Mijn telefoon meldt via Facebook dat Mandy veilig is. ‘Veilig van wat?’ denk ik terwijl ik op de pont sta met mijn Franse kunstenaar. Heel eng dit automatische meldsysteem. Wij bespreken enigszins verkort de wereldproblematiek om vervolgens gewoon weer verder te gaan met de dagelijkse beslommeringen. Ik moet steeds denken aan een artikel dat ik enkele weken geleden op Facebook las (wegwerpwijsheden voor de Facebookintellectueel, geestig bestempeld door Pepijn Lanen in het boek Naamloos) dat ging over de problematische mentaliteit in Europa, met als kern: Europe wants to shop. En dat is zo. Wij willen winkelen. Wij willen tot in de verfijnste finesses onze levens kunnen ontwikkelen, etaleren is misschien een beter woord. De fiets kleurt bij het kind, het kind kleurt liefst niet meer bij de man en de man, ja dat is een geëmancipeerde prop in de huiskamer, passend tussen bank en kunstwerk. Hij moet niet te veel plaats innemen.
Ik haat trouwens feministische lectuur en literatuur van zeurende veertigers die eigenlijk alles hebben behalve gelijkheid. Gelijkheid bestaat niet. Ik ben 163 cm kort en heb dus overal net iets meer op mijn tenen moeten lopen, als ik in mijn jeugd naar de rollerskatedisco ging werd ik permanent opgetild en naar de zijkant verplaatst. Mijn wieltjes raakten amper de baan; daar word je hard van en ontwikkel je persoonlijkheid door.
Liever dan met vrouwen hang ik rond met mannen. Ze hebben gewoon meer lol en denken niet overal zo veel over na (in ieder geval het soort mannen dat ik graag in mijn omgeving heb).
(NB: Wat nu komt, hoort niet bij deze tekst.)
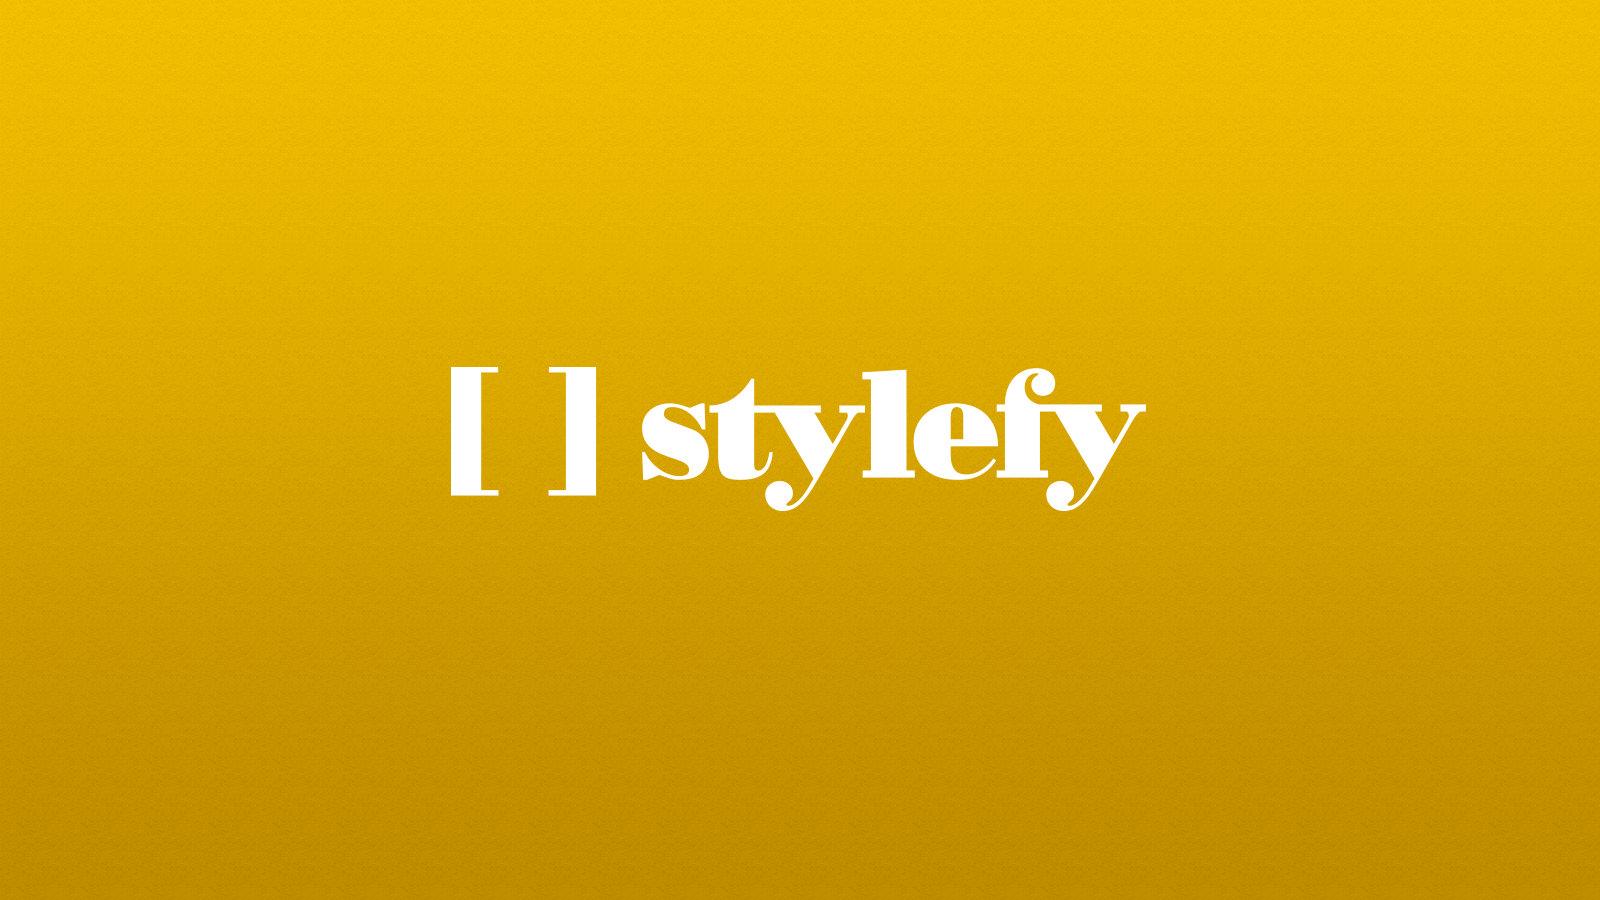 stylefy.jpg

De vriendinnen die ik heb zijn eigenlijk verkapte mannen, ben ik achter gekomen.
Twee dagen later overlijdt Cruijff, ik spendeer zeker een halve dag aan het lezen en posten van zijn ongeëvenaarde oneliners waarvan ik er al jaren een gebruik als het budget op slot gaat: ieder nadeel heb z’n voordeel. ‘Zo, ga het nu maar met minder middelen doen’, denk ik dan.
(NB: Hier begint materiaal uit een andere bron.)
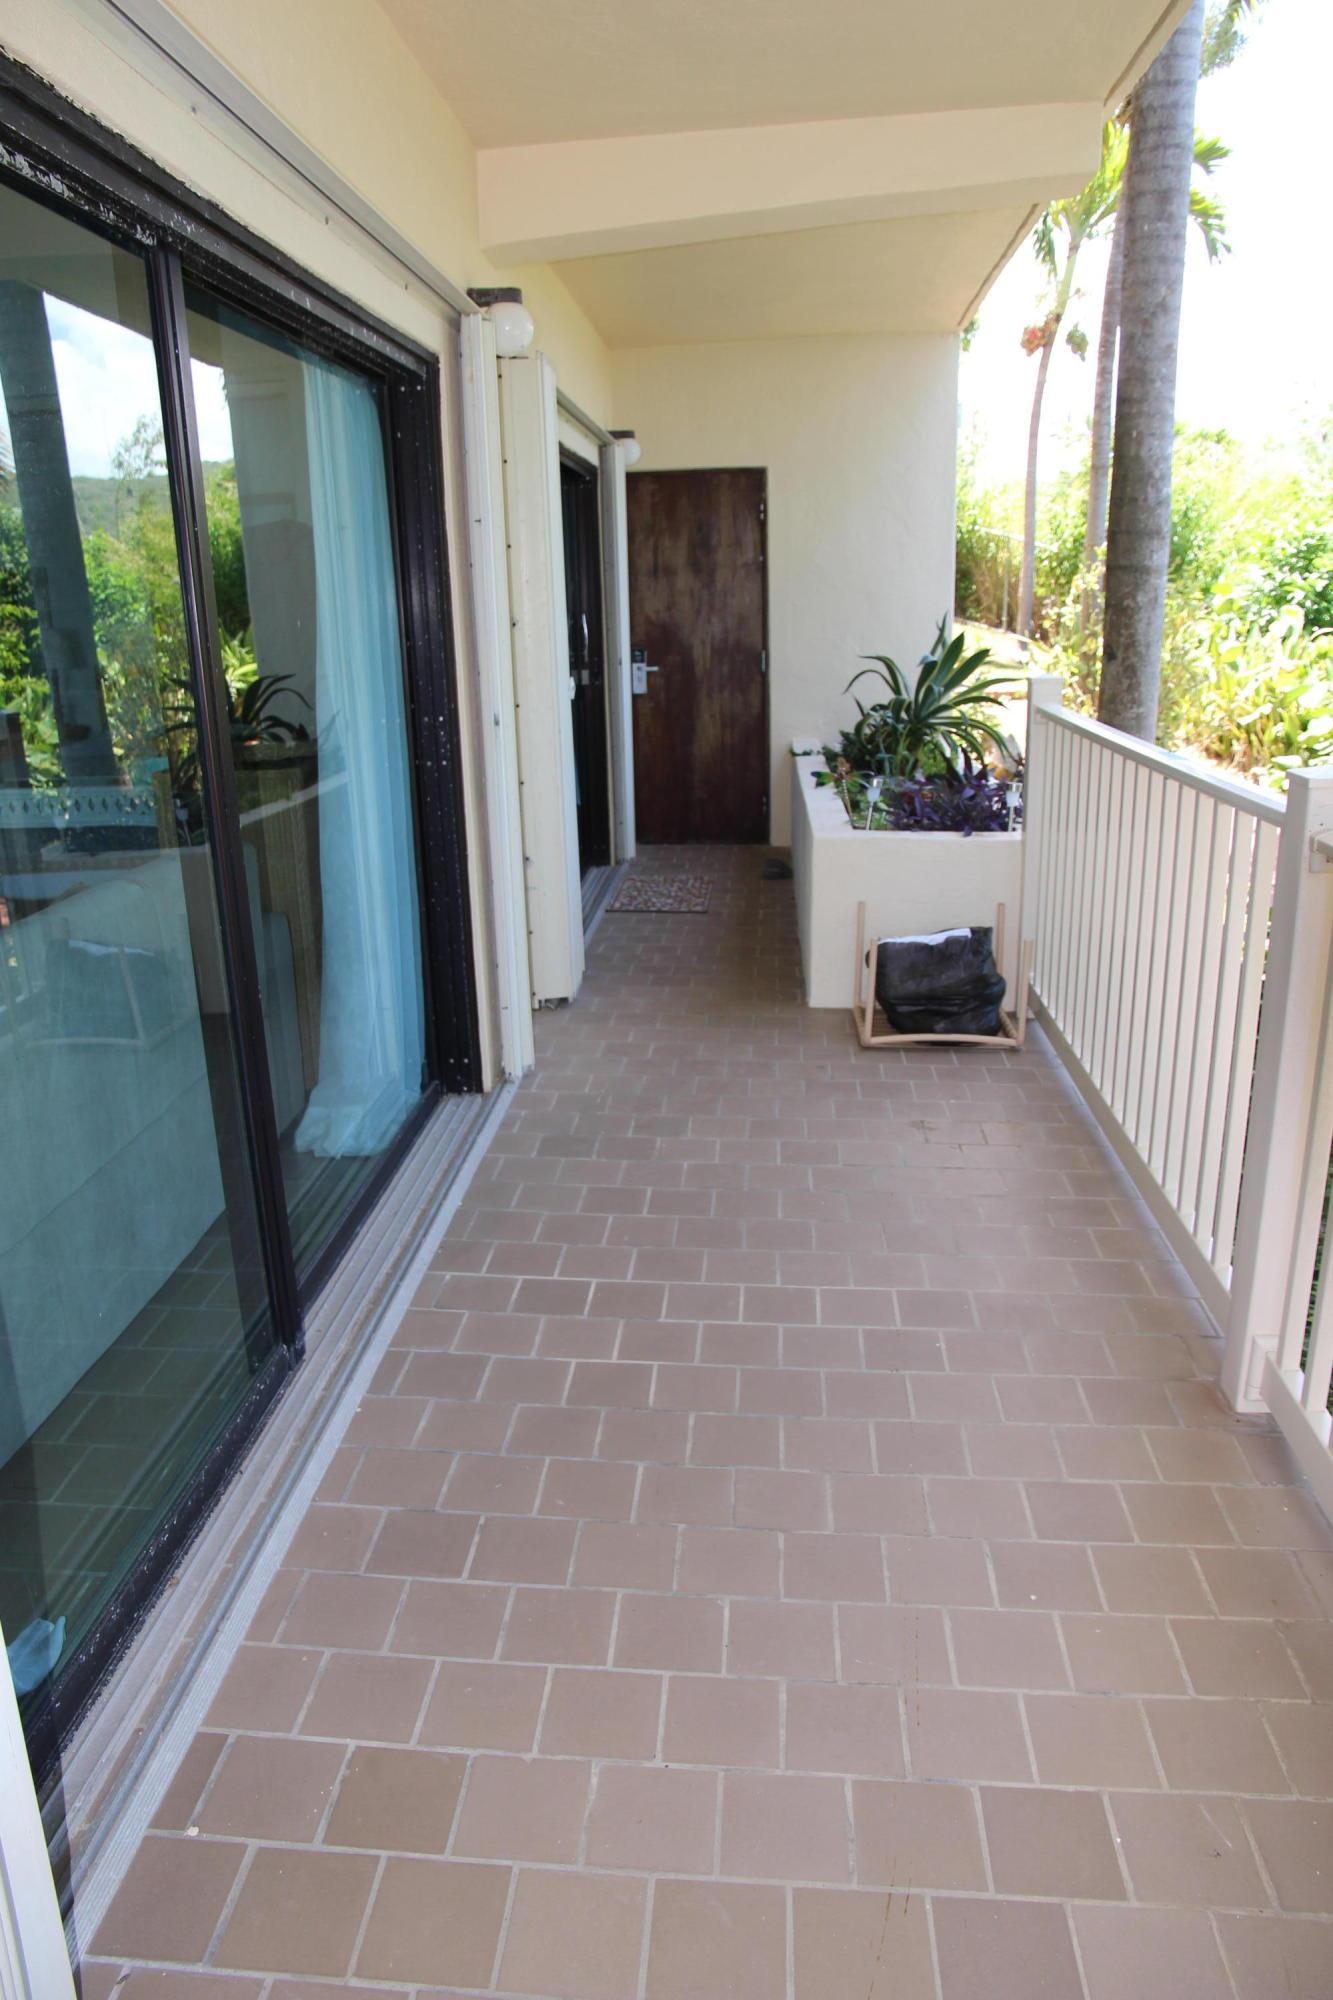 'L' shape porch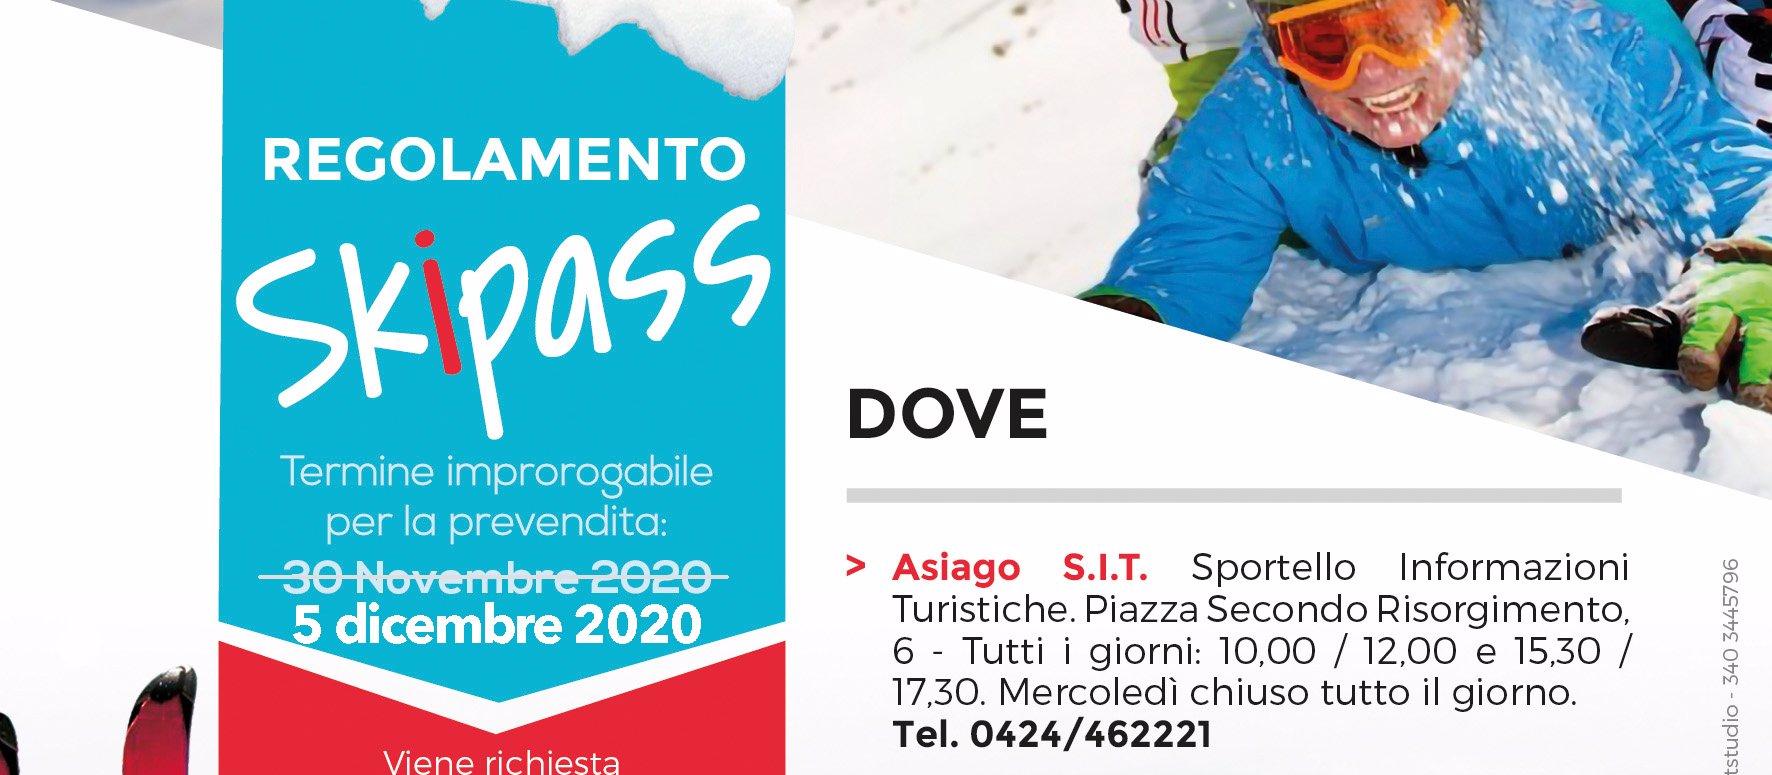 regolamento skipass altopiano di asiago 2020 ski a

Drie dagen later lees ik een artikel waarin staat dat de zelfmoordterroristen Khalid en Ibrahim El Bakraoui van plan waren aanslagen te plegen op Belgische kerncentrales. Ik denk direct: ‘okay, is precies wat ik nodig heb om mijn column een sluitend einde te geven.’ Soms werkt alles gewoon met je mee.
De laatste zin had ik al eerder bedacht, lag al helemaal klaar. Het is een prachtzin van Midas Dekkers. Dit omdat ik eigenlijk helemaal niet over kunst schrijf, of over de galerie. Ik vind kunst ook best moeilijk om over te schrijven. Het is af, iemand is er al mee bezig geweest en je mag/kan er eigenlijk alleen maar in mee gaan of je ertussen wrikken. Liever leg ik mijn eigen gevlochten matje neer. Maar goed, zoals Midas Dekkers zegt: kunst is net de wereld met de rest ervan afgeknipt. Dus dat vergoelijkt dan weer dat dit in Metropolis M staat en geschreven is door een galeriehouder.